Never too Late

My name is Marie, and I am 38 years old. Thirty years ago my family moved back to Ohio from Idaho, landing me in a new school in the middle of the school year. It was 3rd grade, and I was as awkward looking as ever, add to that my mother's insistence that I read before even entering kindergarten, and I was way smarter than a fifth third grade. I was 'weird' with a name nobody could pronounce or spell. I was new. And I was ostracized - not just that year but for every year after. Even when new kids came to our school district, I was still treated like the new girl. In high school I was deemed a 'dyke', a 'slut', and a 'n***** lover' after dating the one and only person of color in our school. I don't ever remember feeling suicidal, but I remember feeling lonely, lost, and completely unworthy. I felt like I was nothing, and that feeling of nothingness lasted until I had my first child, six years after graduation.
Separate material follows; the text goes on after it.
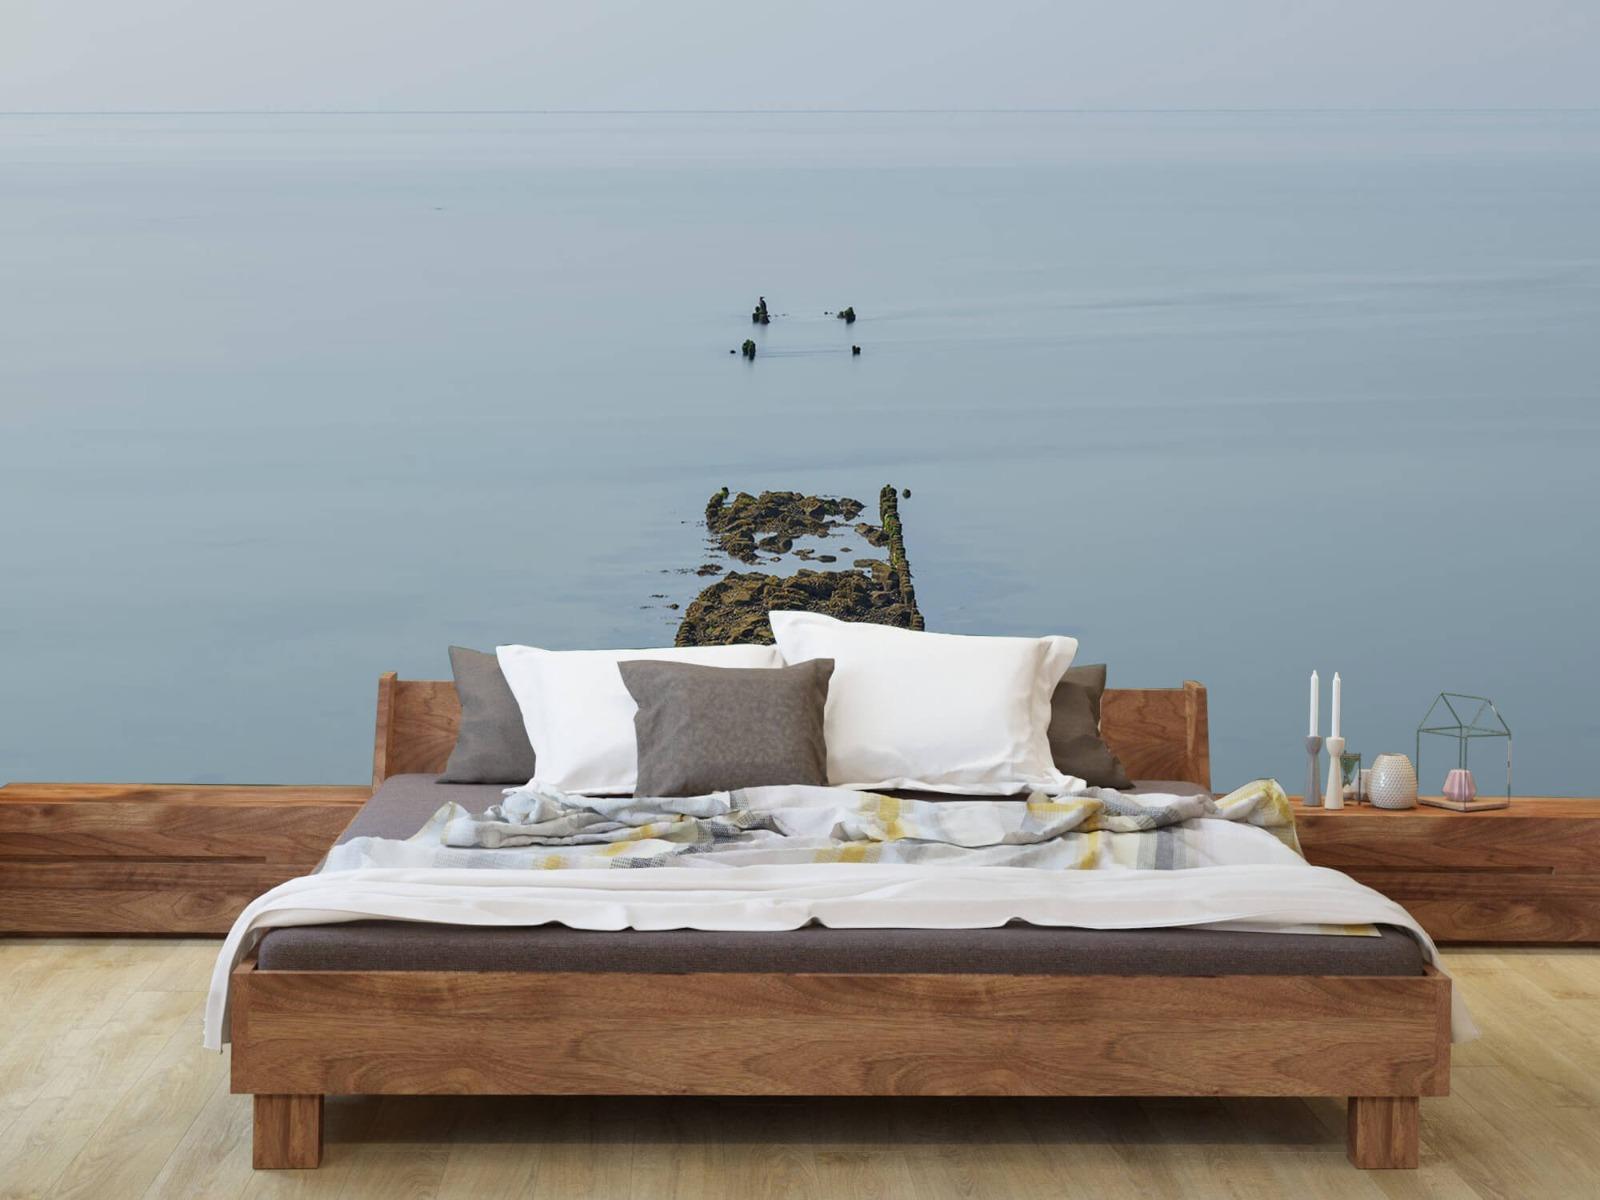 Zeeën en Oceanen - Golfbreker - Slaapkamer 7
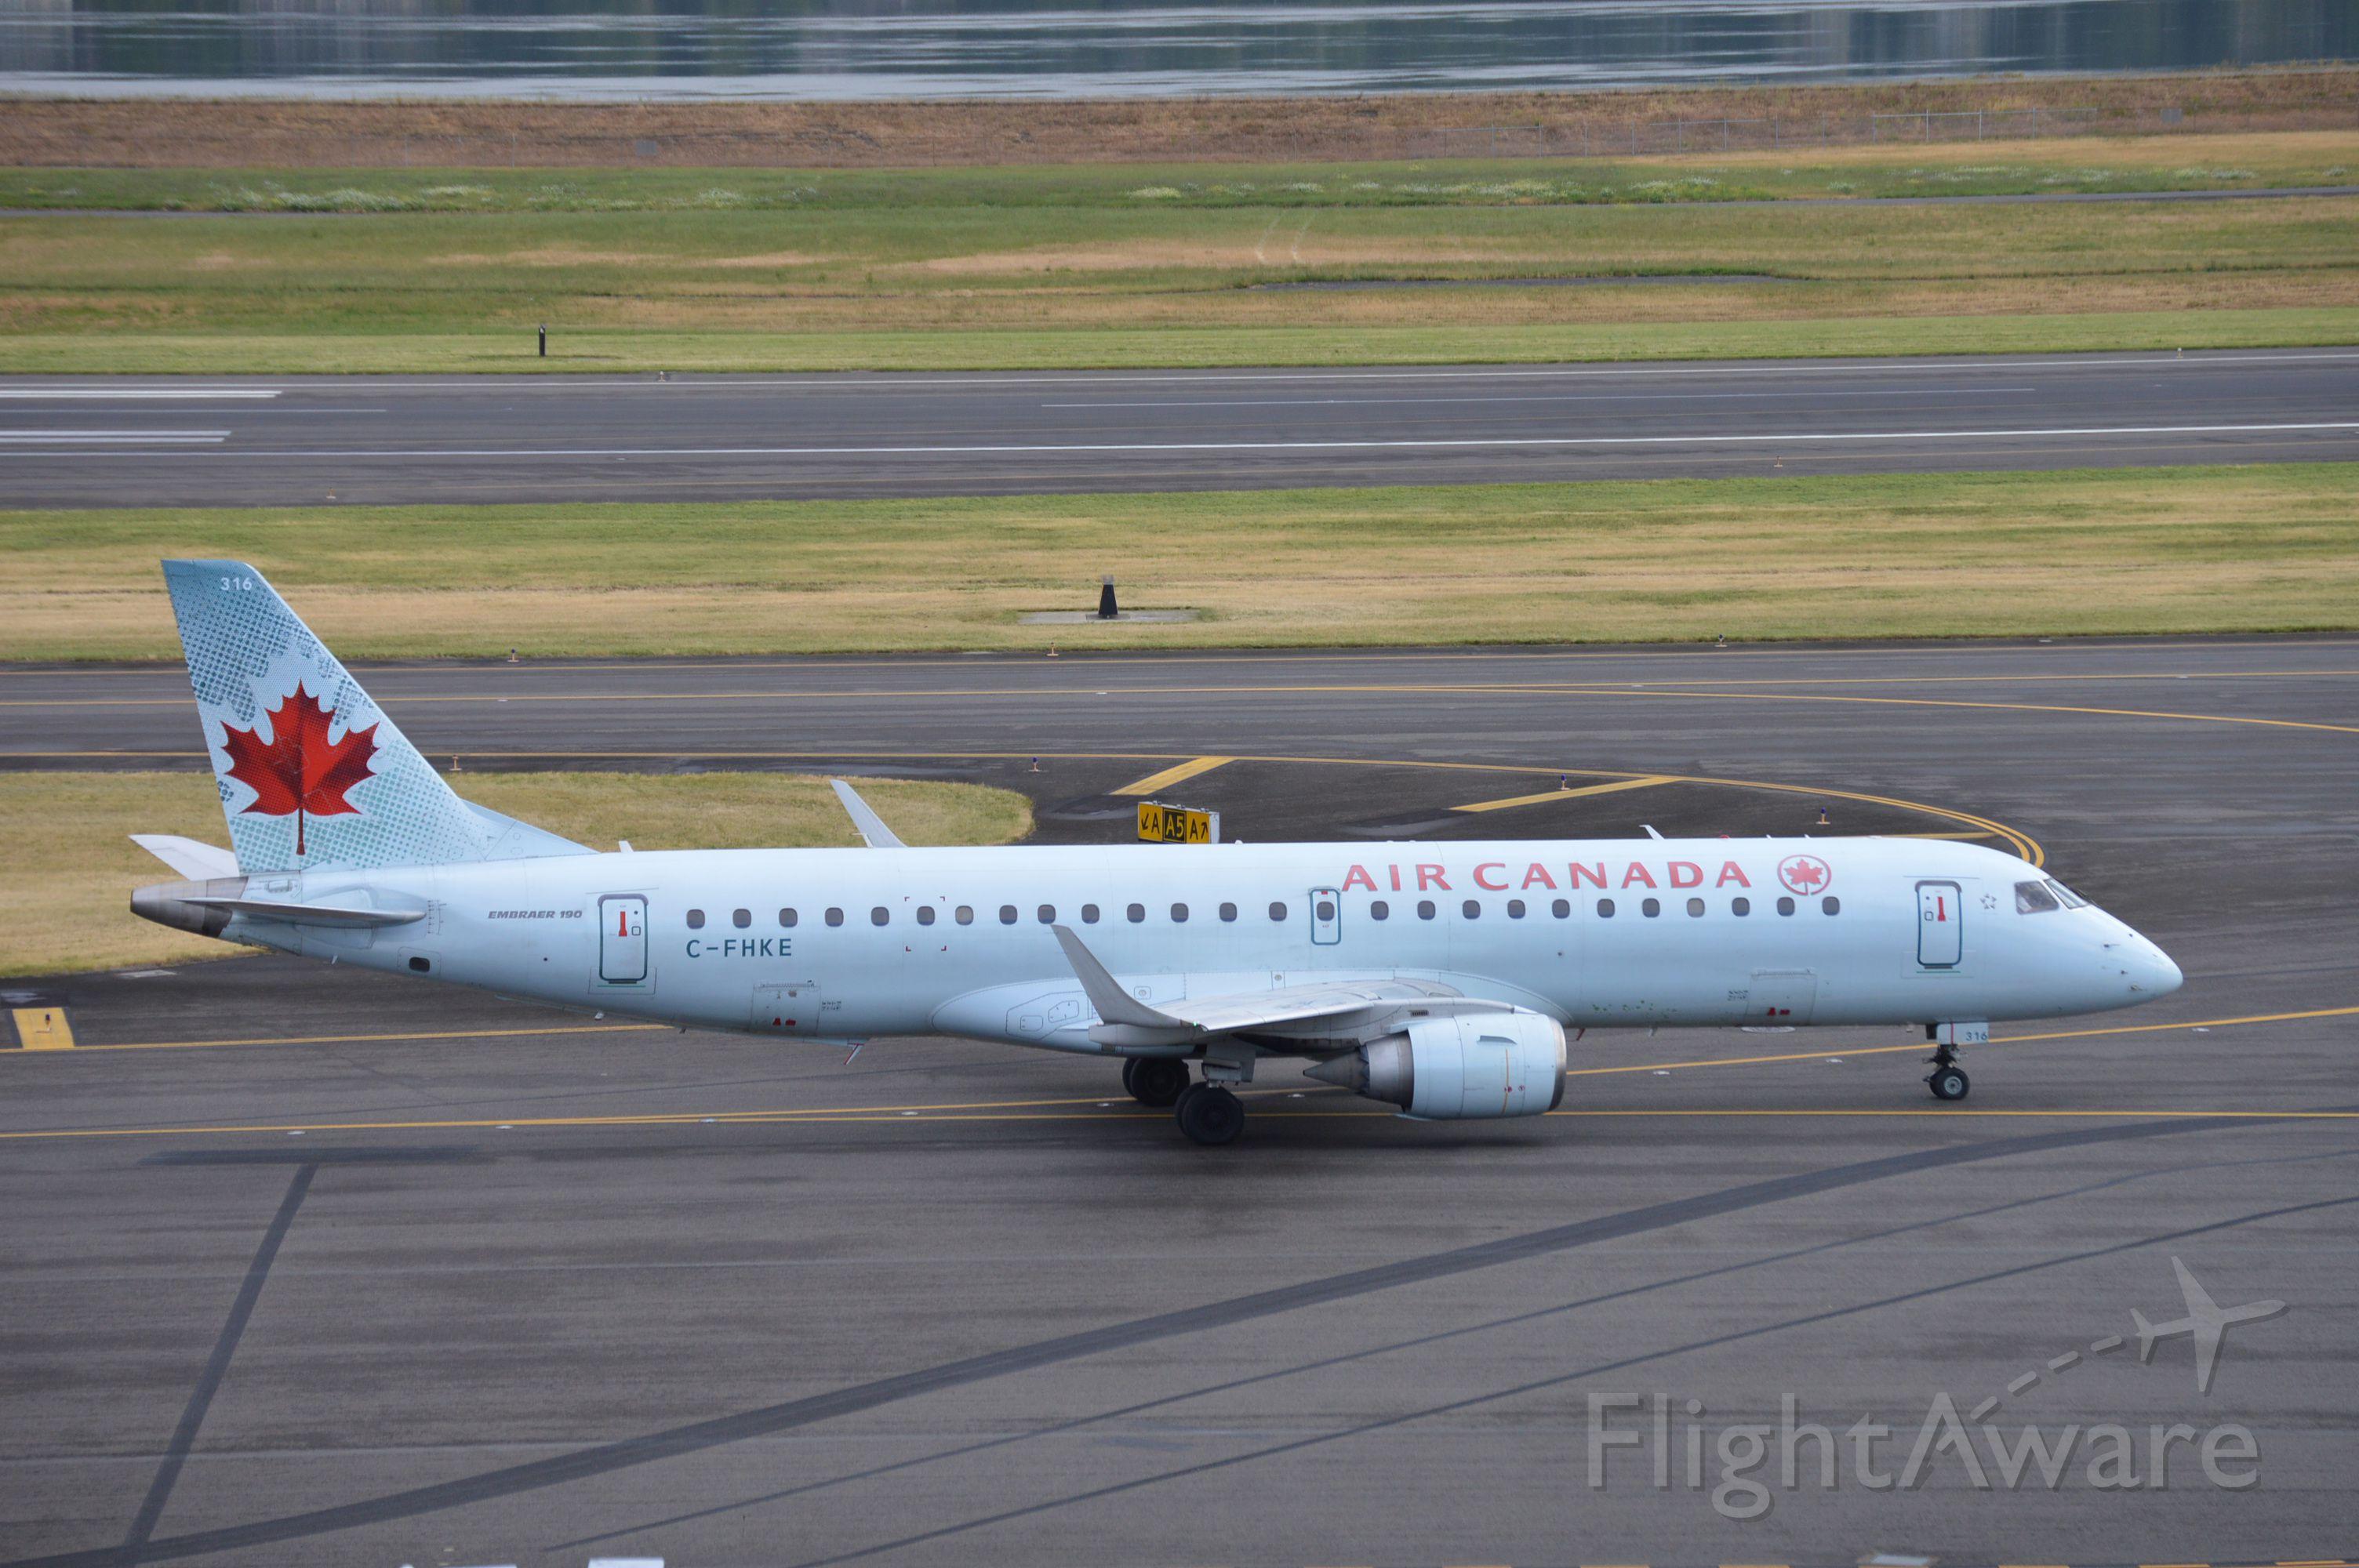 Embraer ERJ-190 (C-FHKE) - ACA546 taxiing for departure.

About five years ago, after a my divorce, I knew that I had to go back to college if I ever wanted to be self-sufficient. I labored over a major - not sure what was the best fit. I thought about the things I had done in my life. What have I done that I want to do more of, like, for the rest of my life?! Recalling the horrible memories of middle and high school, I realized I had to go back. I had to go back and seek out the girls like me with the funny names and not so perfect hair. The kids who were the outcasts, my people. And in less than nine months I will graduate with a degree in middle childhood education. I will be a middle school teacher, and I will once again enter into the underworld of my past. But it's different this time. Now I have some power, some knowledge, and some empathy. I have embraced multi-cultural education as the norm, and I KNOW I can make a difference. I know I can instill in my students understanding, compassion, and love. I have to. I owe it to my 13-year-old self.

In the midst of my schooling endeavors has been my own son's struggle to fit in at the same school district, dealing with the offspring of my bullies who also bully him. But that is his story to tell. It is up to him to tell the world about the suicidal thoughts running through his head, the torture that he feels each day as an LGBTQ middle schooler, and I hope that he can tell it to his children one day - as a survivor.